Friends-Friendship :-D


----------



## lovethelake (Apr 6, 2011)

alcameron said:


> Hi Yarnie,
> I don't feel I said anything or did anything wrong here until two of your friends tried to accuse me of things and drive me away. If I'm attacked I try to answer the accusations. I don't think you intended to limit the thread to just posters of Denim and Pearls----that's what that thread is for, right? Starting a new thread like this indicated to me that you wanted more people than the same old group. KPG and LTL came at me full force today for nothing. Yes, I did say that I would leave, but not just because those two think I'm a meanie. I also understand that you can't do anything about their bad behavior anymore than I can stop what my friends post. Just please understand that I didn't start this mess and felt that I was getting along with you. CB, West Coast Kitty. I think I've also been able to talk to RUKnitting, Thumper, and Joey----as long as politics is off limits. So if I'm a meanie that spoils the garden, I guess there are a few from "your group" who could also fit that category.

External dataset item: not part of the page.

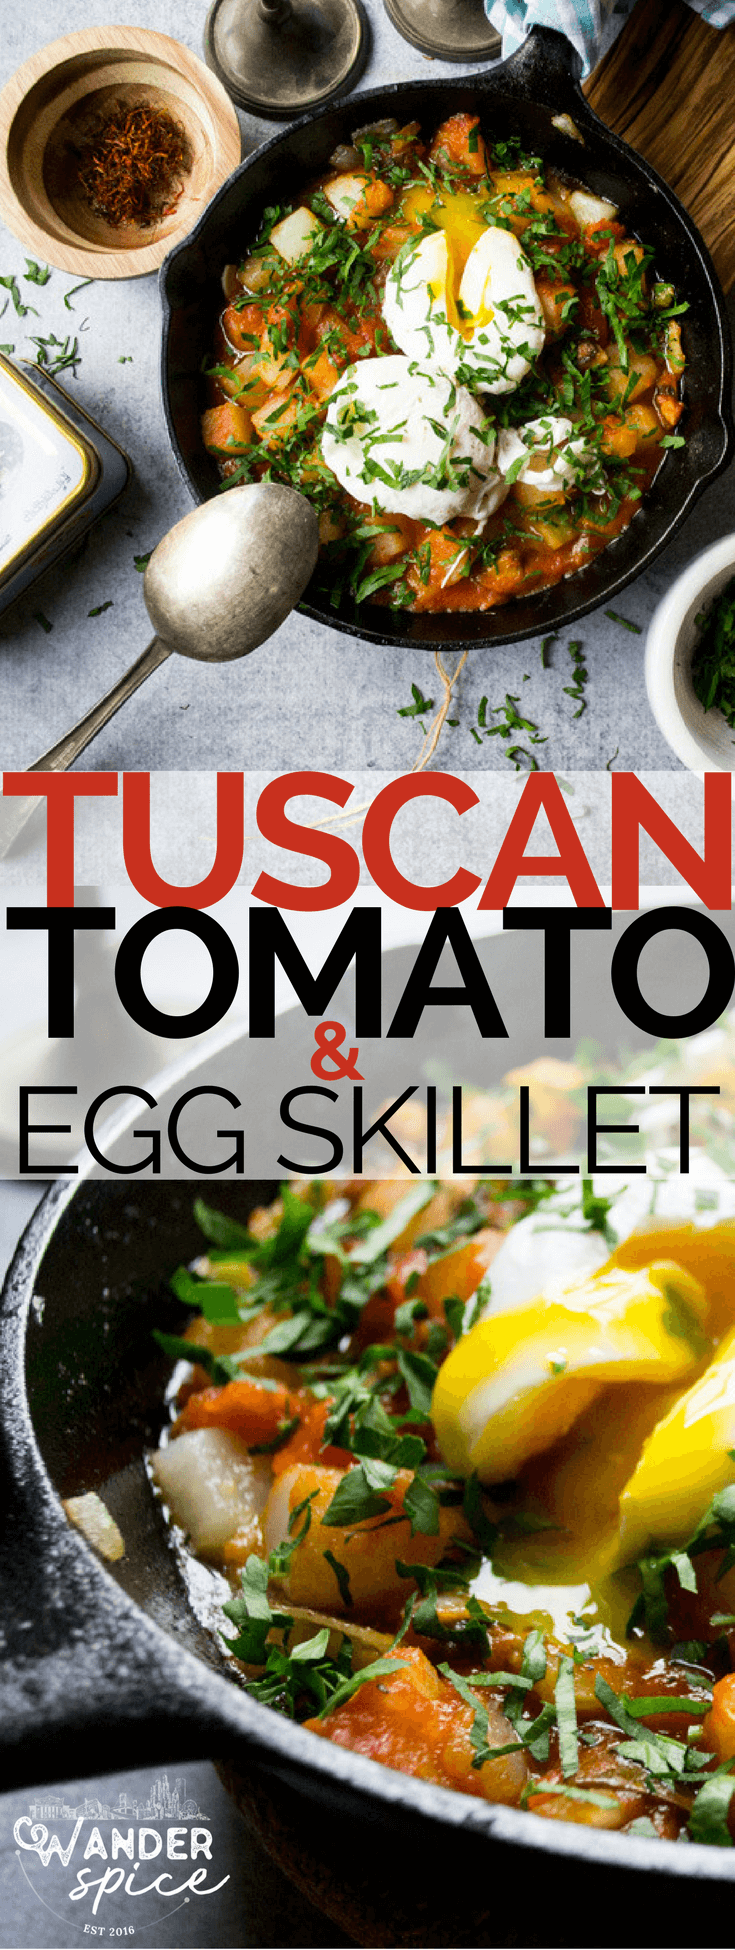 Tuscan Tomato Egg Skillet, a hearty, Italian way to start the morning

It came to me while loading the dishwasher what my problem is with you and your fellow libs; it is a problem of trust. I do not trust or believe you. You will proclaim friendship, but I do not trust or maybe believe your claim. It has been proven over and over again that you say nice things and then in the same post get nasty. It is like waiting for the other shoe to drop.

Trust is not a right, it is earned. You have not earned my trust that you will not attack my friends, or worse yet condone the viciousness of others of "your group". Remember silence is consent. And it is apparent that your approve of all of their nastiness.

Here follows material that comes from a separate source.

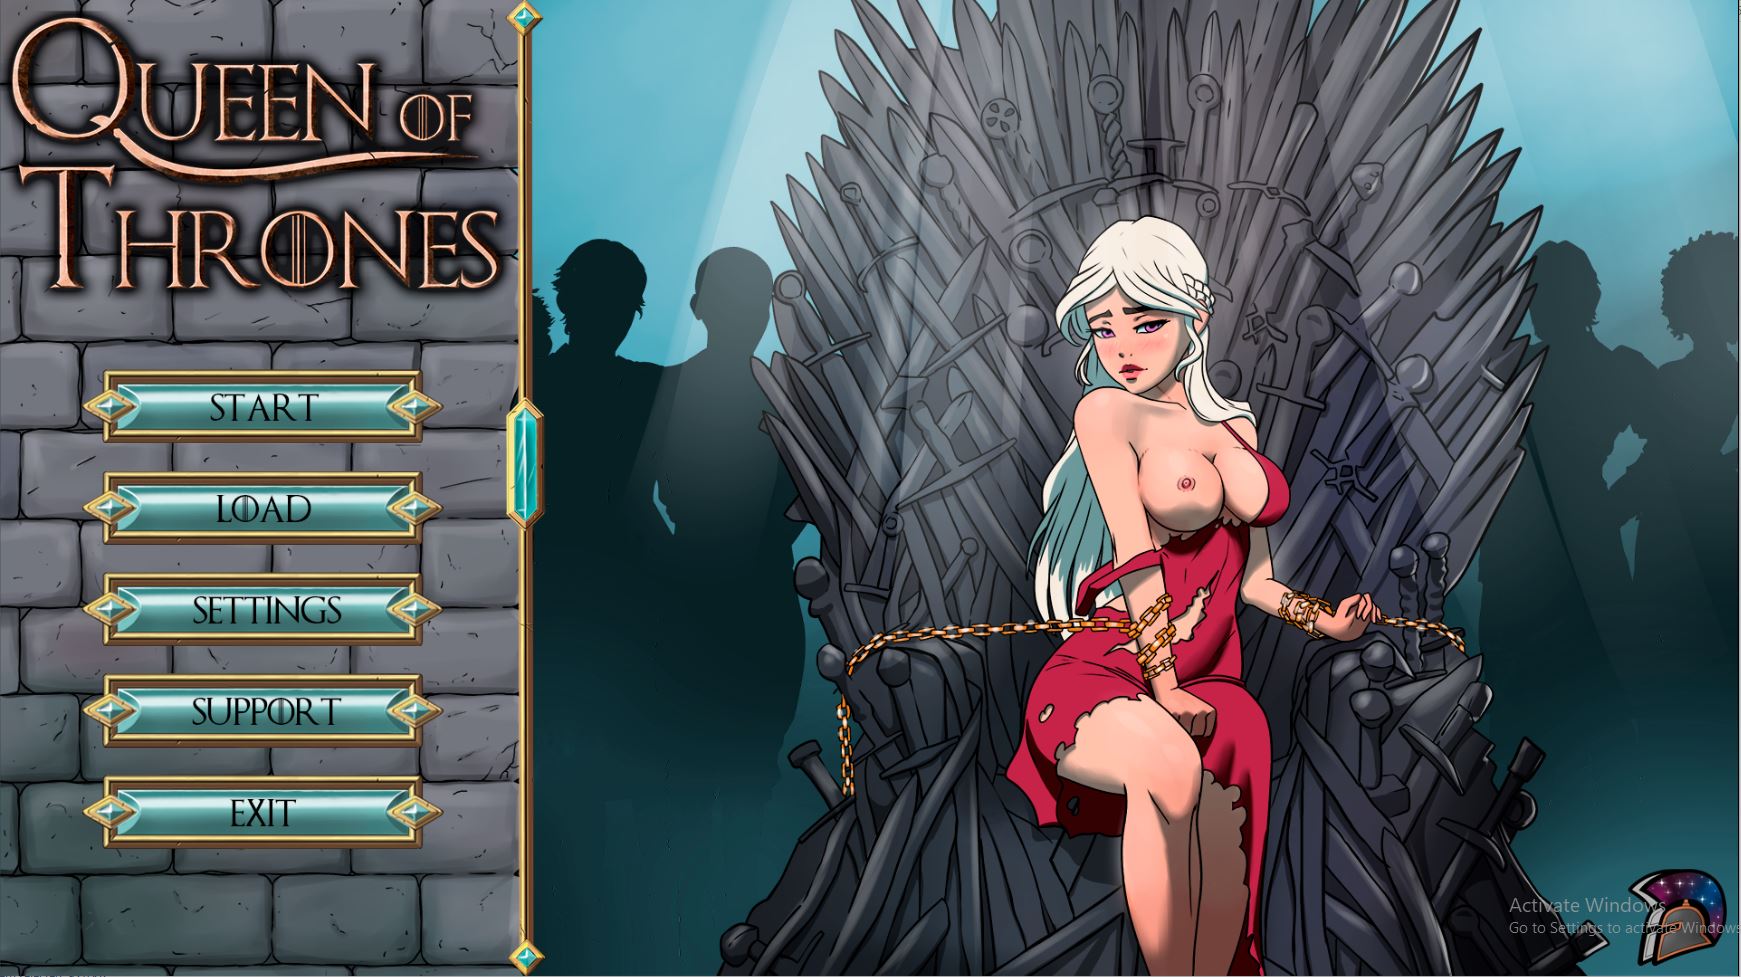 becci palmer recommends sex simulator game of thrones pic

As you know through trolling, we do have another group that has blossomed over the past two years. We do not attack each other and have an unbreakable belief that we can trust our friends. We don't always agree, but we do respect each other. Maybe that should be a model of how to earn 'our group's' trust and friendship


----------



## Visuki (Jul 8, 2013)

Love All :-D


----------



## susanmos2000 (May 10, 2011)

I've been watching this topic for a couple of days, and I can't believe that the same fierce debate over whether Al can or cannot be included is still raging. Yarnie needs to make her own voice heard--if, as many conservatives had said, a thread belongs to the person who began it then they shouldn't be attempting to speak for her.


----------



## lovethelake (Apr 6, 2011)

susanmos2000 said:


> I've been watching this topic for a couple of days, and I can't believe that the same fierce debate over whether Al can or cannot be included is still raging. Yarnie needs to make her own voice heard--if, as many conservatives had said, a thread belongs to the person who began it then they shouldn't be attempting to speak for her.


You prove my point once again. There is no rage. It is the libs, like yourself, that use words like rage, fierce and hate. She said she would leave if she caused problems with her posts, and she chose not to honor her promise.


----------



## theyarnlady (Feb 25, 2011)

I do not care what happens on this site any more. it has been drug throuth the mud from the beginning. Why because it is so much fun to be nasty than try to get past it and just get along. Sliver Charms and Saxy who I have know for a long time where right Silver Charm's you where right it went down hill from the start. 
They say a picture is worth a 1,000 Words well the words here are worth nothing .

I don't know who you are who posted the pictures but thanks. 

The picture is not KGP, Nor is it Cherf so have to it. The site now belongs to you. The take over is complete.

I am out of here for a while may read post but am through posting.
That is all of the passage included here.